December 10th, 2014

We Sinful Women is a powerful anthology, in the form of traditional Urdu poetry, compiled to demonstrate the potential of women to both add to cultural repositories of literature as well as to write on the subject of problems facing themselves as a community and their larger nations. In this blog post, I explore the places in which such potential can be harbored, and why, in certain situations, it is released.

Like a bar of soap, worn thinner with daily use, it is not difficult to gradually lose sight of a goal of social equality in a system that is overwhelmingly unequal, such as the one in which these women existed. Despite the sparkle of possibility on the surface of an issue, the way in which cultural norms are deeply ingrained in all members of a society – subjugated or otherwise – makes it extremely difficult to enact social change. Those who can turn struggle and daily abuse into powerful statements are few and far between, but some of those who were able chose to produce literature regarding social equality. This is represented by the pieces of newspaper in the base of the soap bar: These female poets, after working through unspeakable discrimination in their societies, wore away the layers of their own existence to find extreme literary potential and eventual publication at the bottom of it.

The path to a literary work is extremely important, and can help illuminate why some of these poets have become so famous: They became so not despite of their womanhood, but because of it. Poetry motivated by happenings – especially those not under control of the author – tends to be particularly emotionally strong. Though containing perhaps fewer literary mechanisms, its emotional power due to the closeness of the author to the subject and the fact that it was thrust upon them, not chosen, makes it especially potent.

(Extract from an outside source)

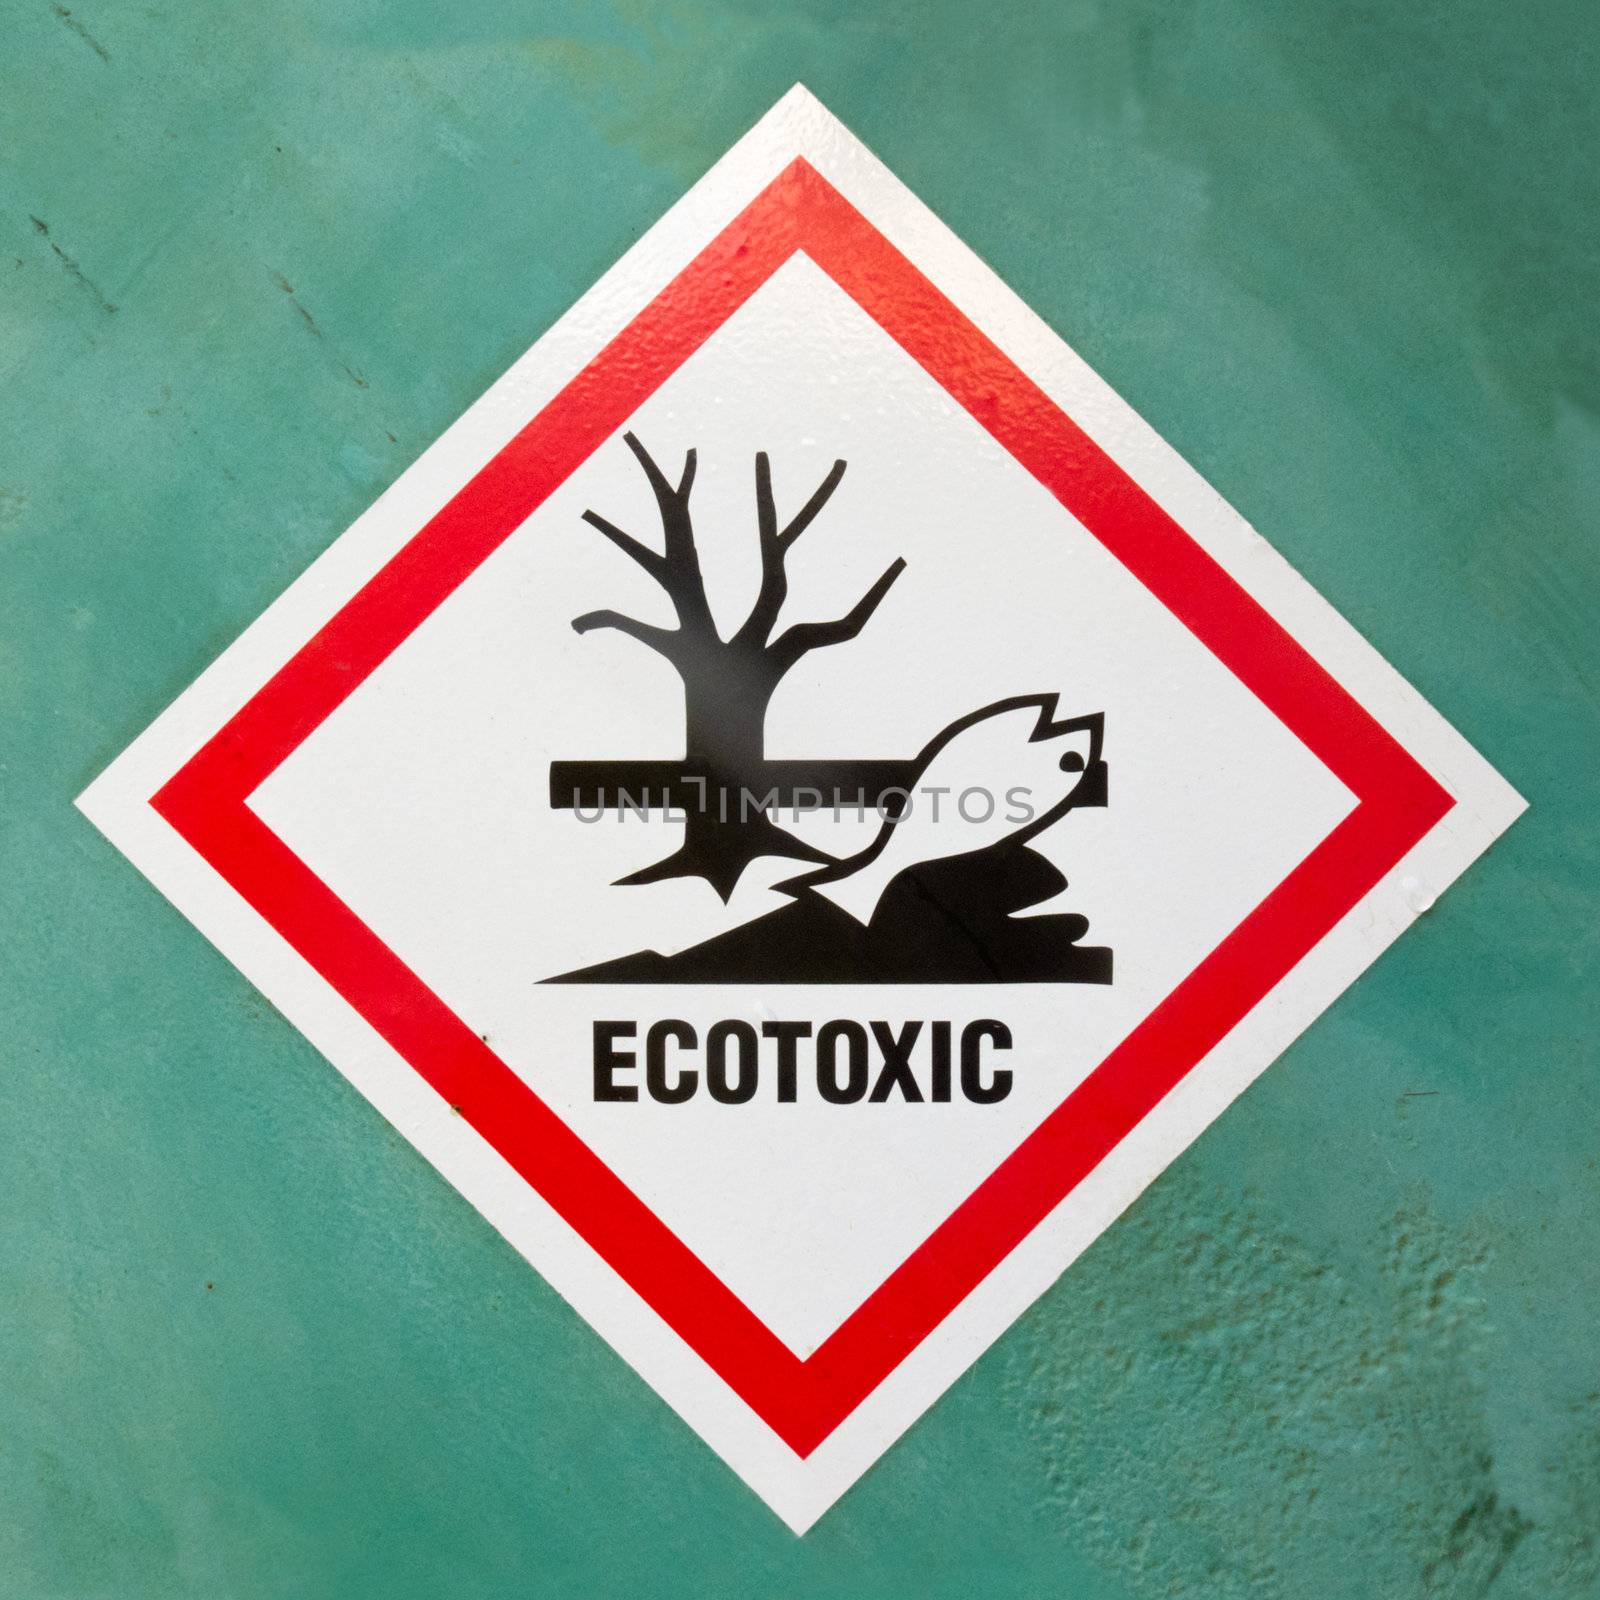 Ecotoxic hazard symbol warning sign by PiLens
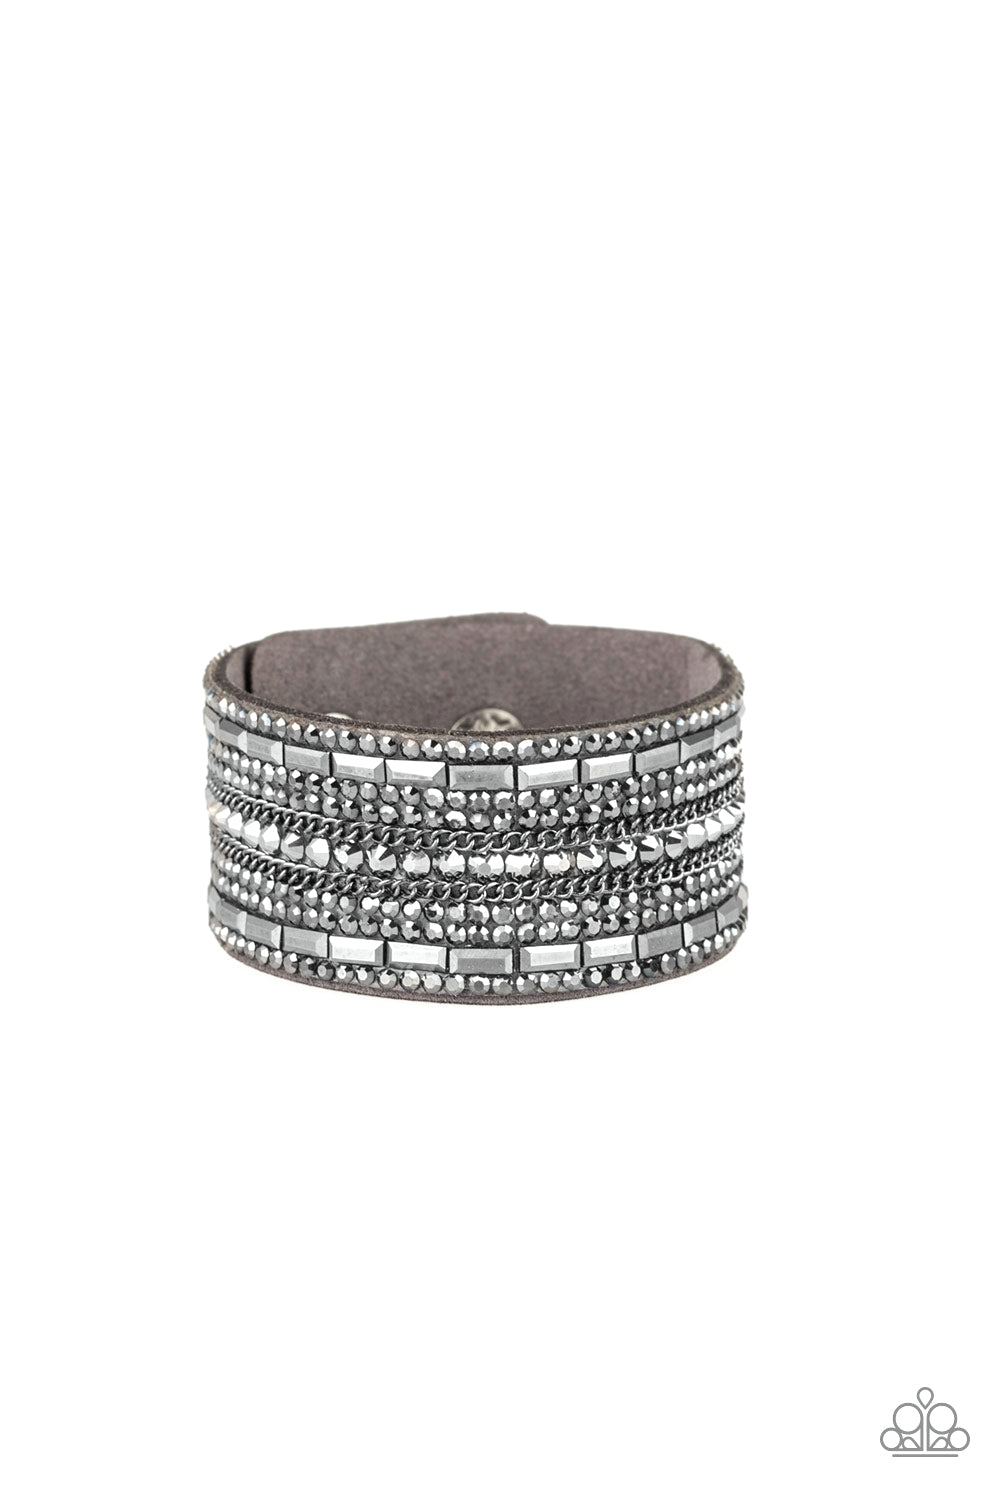 Rebel Radiance - Silver wrap bracelet

The wearing away of layers is a difficult process, and takes time – yet, the idea that with further use by society, these women came closer and closer to the literature that they would eventually publish, is encouraging. Given literature’s potential to spark social change, the fact that a subjugated class still has access to a readership is promising, especially in today’s society. As race is becoming an especially salient aspect of our lives, and is bringing to the surface many claims of denial regarding the plight of minorities in America, we can only hope that the way in which minorities have been worn against – passed over for jobs, stopped unfairly by police, and mistreated socially – (though regrettable, unfortunate, and certainly a mistake) will produce emotionally convincing literature to yield an America that, as a whole, has the power to enact social change.

Subjugation is not silence, and We Sinful Women proves this handily.